You are attempting to install on an unsupported configuration. Do you wish to continue?
y
Install NVIDIA Accelerated Graphics Driver for Linux-x86_64 387.xx?
n
Install the CUDA 9.0 Toolkit?
y
Enter Toolkit Location
[default location]
Do you want to install a symbolic link at /usr/local/cuda?
y
Install the CUDA 9.0 Samples?
y
Enter CUDA Samples Location
[default location]

Check your installation by running the following command:>nvcc -V

nvcc.png

If you see the CUDA compiler driver, you did it!

Congratulations!
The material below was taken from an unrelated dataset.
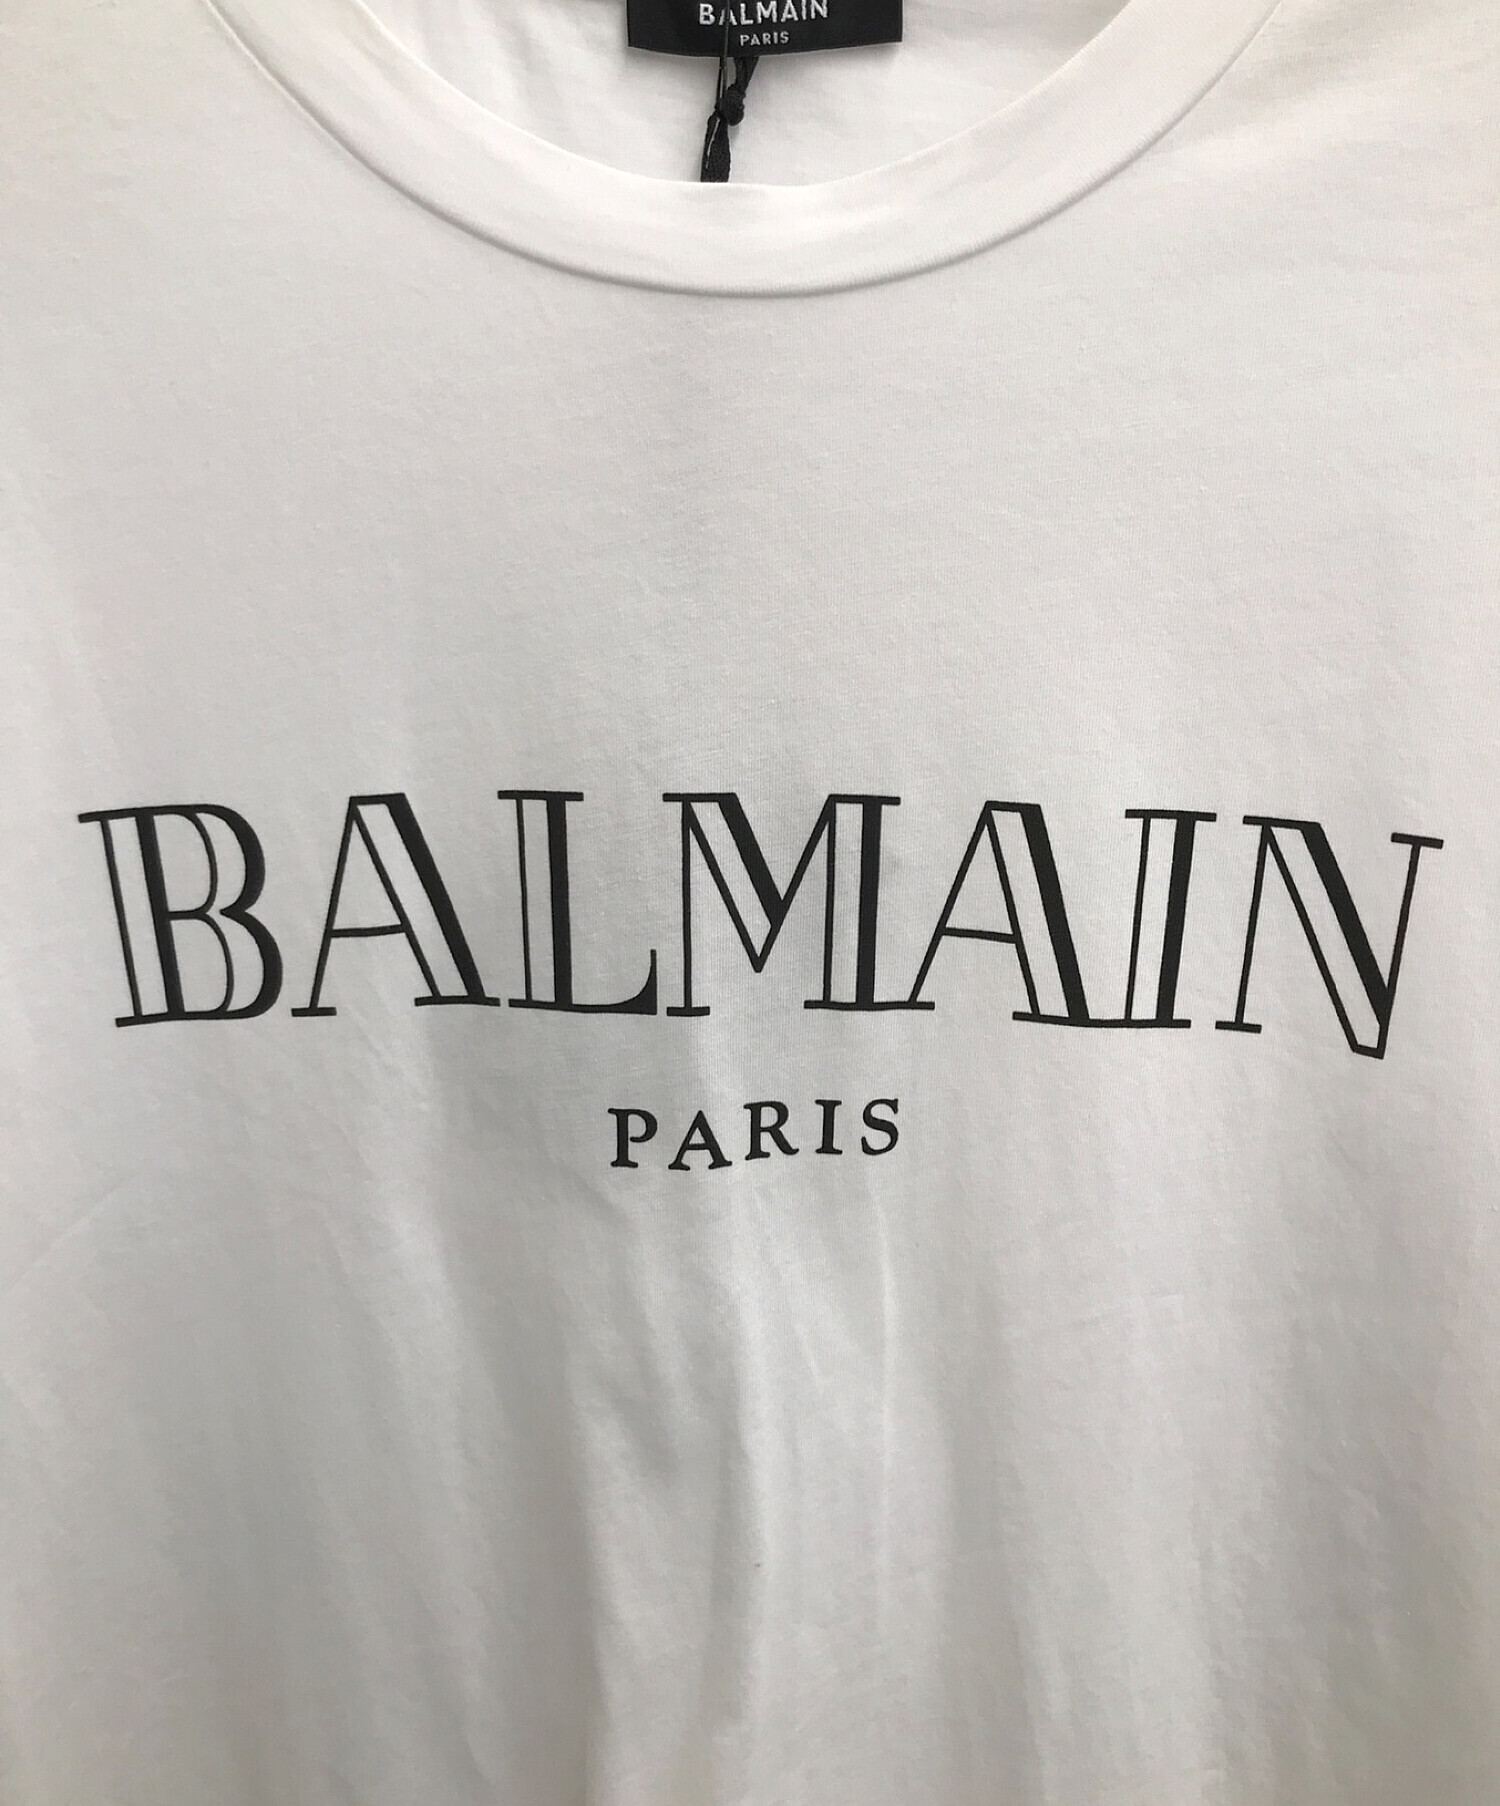 BALMAIN (バルマン) ロゴTシャツ ホワイト×ブラック サイズ:L

You have installed the CUDA Toolkit.  Now let’s move on to the CUDA Configuration section of this blog.

CUDA Configuration

The CUDA toolkit provides plenty of samples to build and test the NVIDIA GPU.  Now that you install the driver, make sure to set the PATH with the cuda binaries.

open your ~/.bashrc file and add the following line at the end of the file:

export PATH=$PATH:/usr/local/cuda-9.0/bin

Next, you need to add the CUDA libraries to your environment.  This step saves you time when compiling CUDA samples or code. You don’t have to set the LD_LIBRARY_PATH.

  1. sudo vi /etc/ld.so.conf.d/cuda.conf
  2. add the following to the top of the file:/usr/local/cuda-9.0/lib64
  3. save the file and quit vi
  4. sudo ldconfig

In theory, you are ready to run the CUDA samples.  However, I found that in order to run the Simulations, that you need to install the following dependencies.

sudo apt install libeigen3-dev libopencv-dev libceres-dev libcgal-dev libboost-dev freeglut3-dev build-essential libx11-dev libxmu-dev libxi-dev libgl1-mesa-glx libglu1-mesa libglu1-mesa-dev libglfw3-dev libgles2-mesa-dev

Now you are ready to run the samples!

Running CUDA Samples

Before running the samples, you need to pass the Gencode arguments to the compiler.  Here’s a great blog to help you figure out which Gencode arguments to pass to the compiler.

Navigate to the ~/NVIDIA_CUDA-9.0_Samples directory.  There are 8 directories that contain NVIDIA CUDA Samples (0-7).

Go into the following directory:> cd ./CUDALibraries/cuSolverDn_LinearSolver 

Open the Makefile.

Search for “SM”.  You should see the following.

gencode.png

You don’t need all the codes, just the one that applies to your NVIDIA Graphics card.  In my case, I don’t see the Quadro K series, so I used gencodes 50 & 52.

Once you are done with the Gencode Arguments, save the file and exit the editor.

From the command line:

  1. make TARGET_ARCH=x86_64
  2. run the program: $ ./cuSolverDn_LinearSolver

final.png

Try running the smoke particles example in the directory 5_Simulations.